Atlas Cold Storage feels the chill

TORONTO, (Sept. 24, 2003) — With stock values dropping to a three-year low late last week, Atlas Cold Storage announced that it will discontinue some of its Canadian trucking operations, as well suspend third-quarter cash payouts to unitholders.

The company — which operates North America’s second-largest network of temperature-controlled warehouses, as well as trucking assets that supply food distributors and grocery chains — cited its main troubles are in Western Canada, particularly at TCT Logistics, which sold all its refrigerated trucking assets to Atlas after it went into receivership in January of 2002. Atlas also blamed the ‘loss of a large customer in the Chicago area after the customer’s decision to build its own capacity,” as another prime reason for its recent financial losses.

The company said the reefer division had experienced an extreme slowdown since May, when a single case of mad cow disease was discovered in Alberta, shutting down the U.S. border, and effectively bringing the beef-hauling and storage industry to a standstill. “We don’t believe in the near future this is a business we want to stay in,” Canadian Press reported Patrick Gouveia, the trust’s president and chief executive, as saying of the transportation business.

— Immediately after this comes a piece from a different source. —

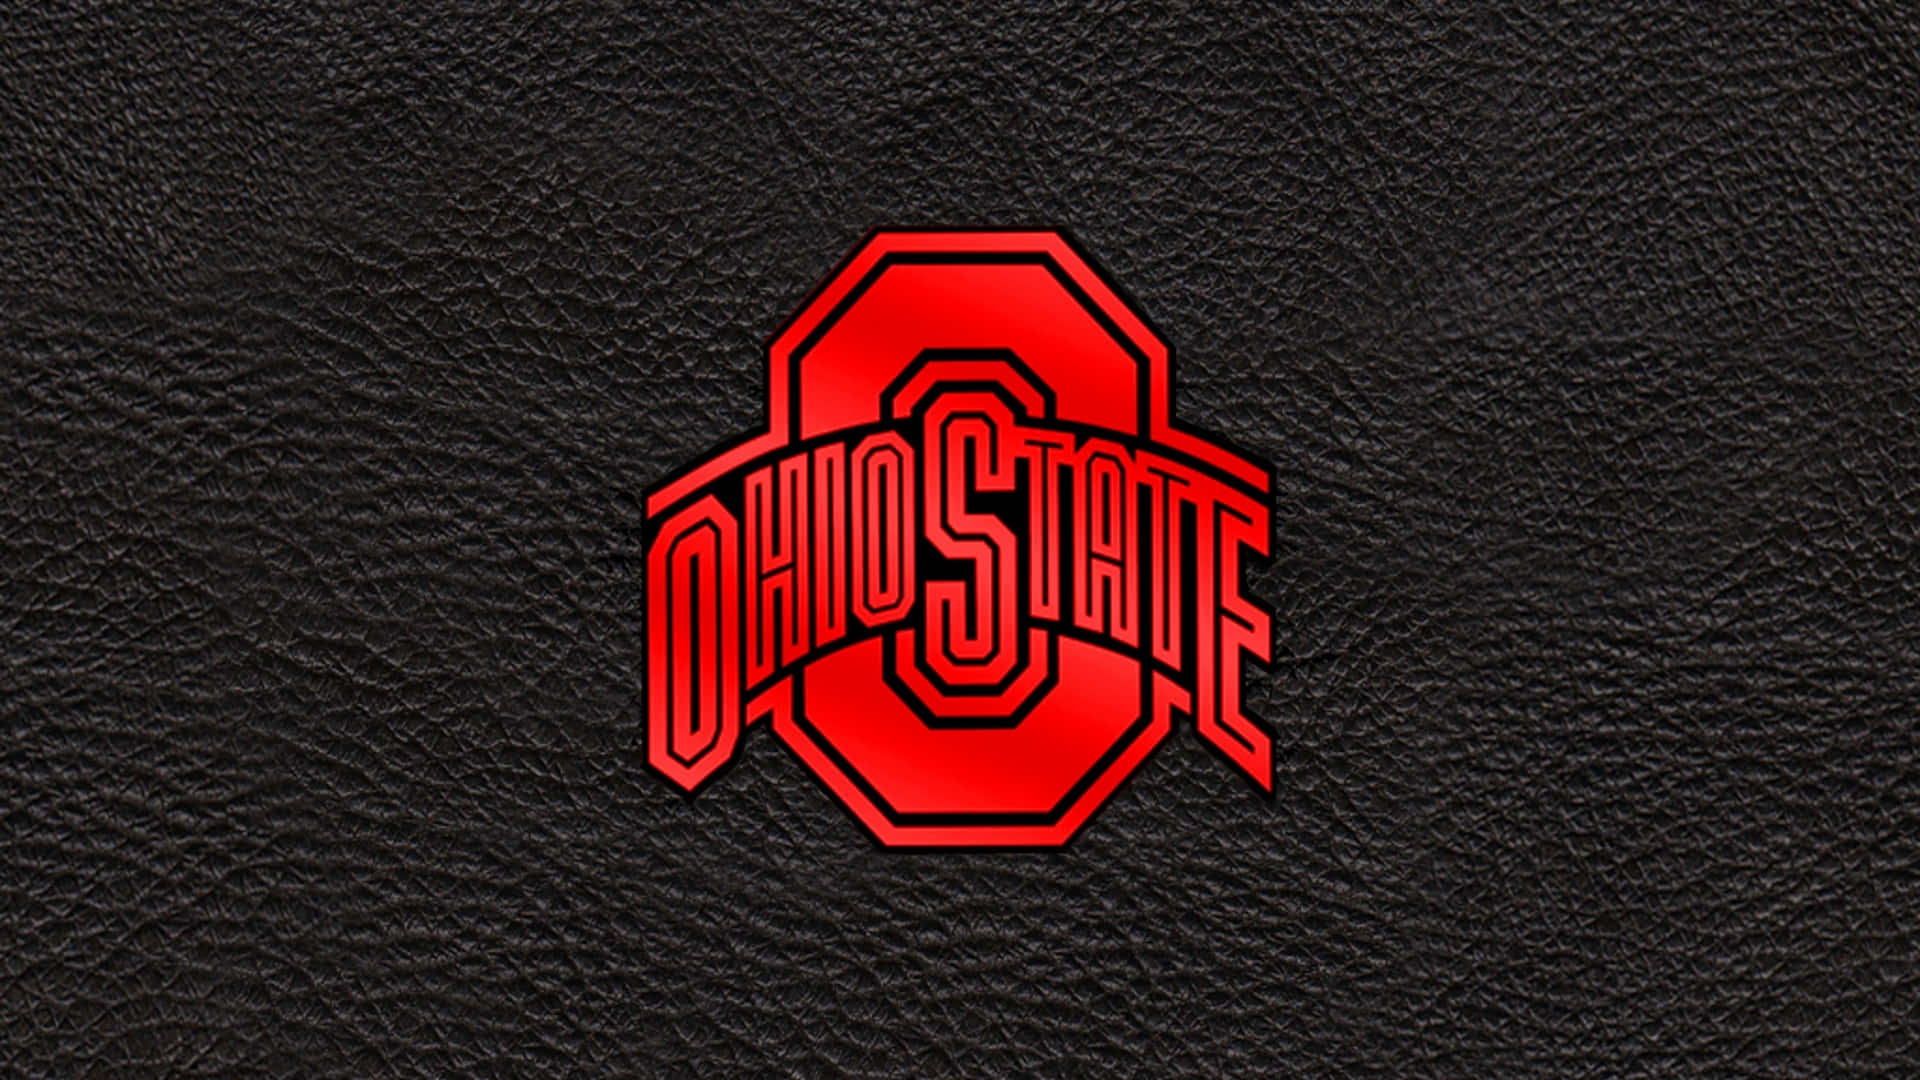 Schwarzesästhetisches Ohio State Football Team Logo Design Wallpaper
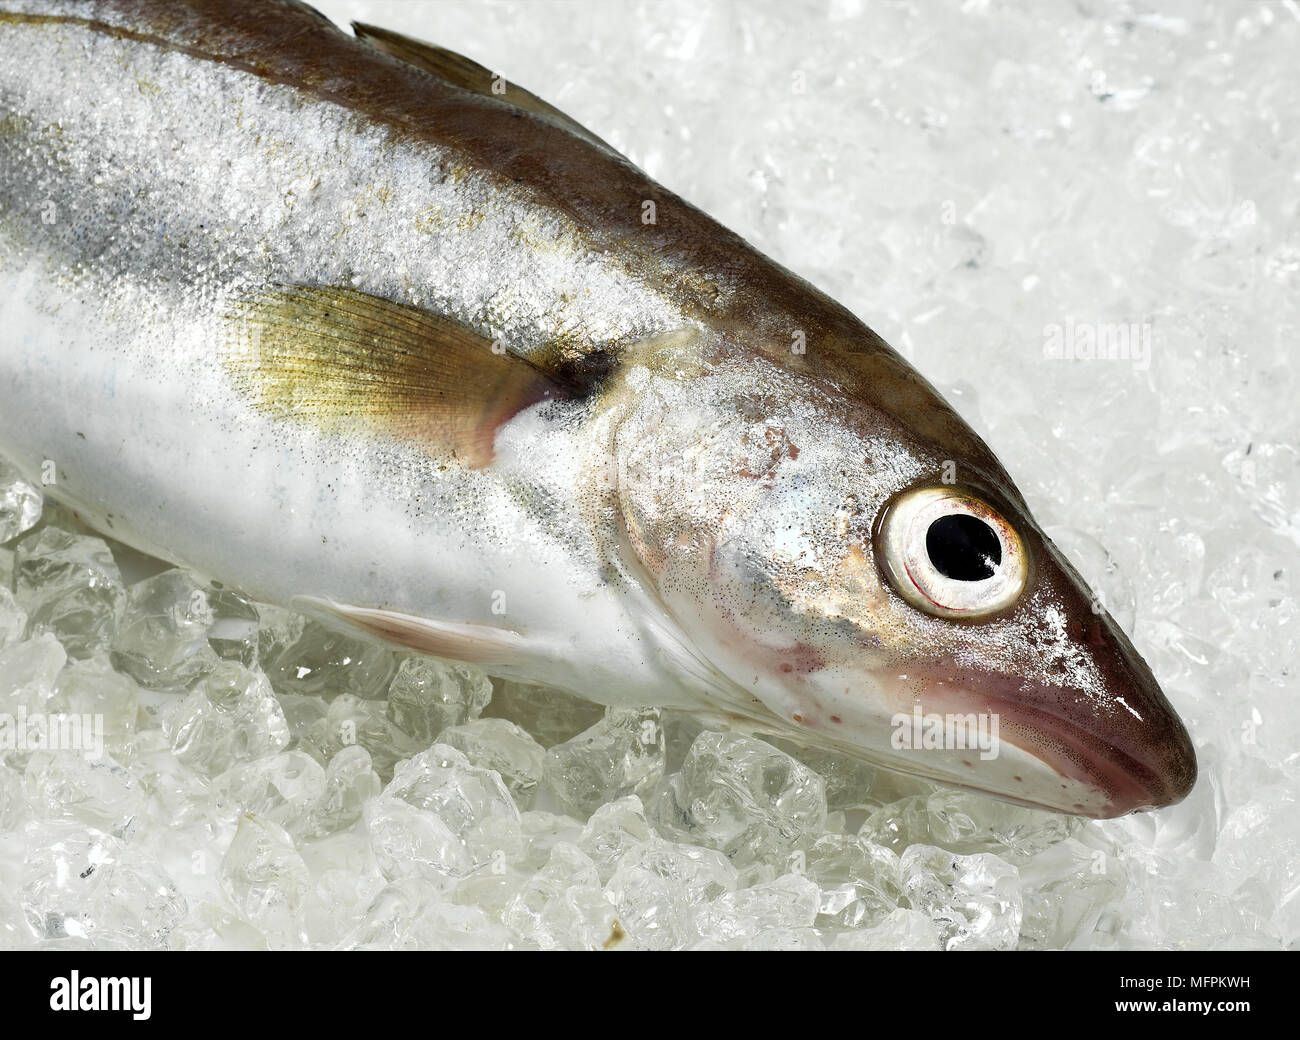 Whiting, merlangius merlangus, Fresh Fish on Ice Stock Photo

Atlas units fell as low as $7.32 on the Toronto Stock Exchange — their lowest value since June 2000. That’s down $4.98, or 38 per cent, from Aug. 29, when the units closed at $13.11 before the company’s Labour Day weekend disclosure that it would restate its 2002 and 2001 financial statements after an internal investigation found accounting irregularities.

As if that admission wasn’t enough to scare investors, Atlas also announced last week that CFO Andrew Peters had been let go. It has set up a special committee to look into trust’s internal controls.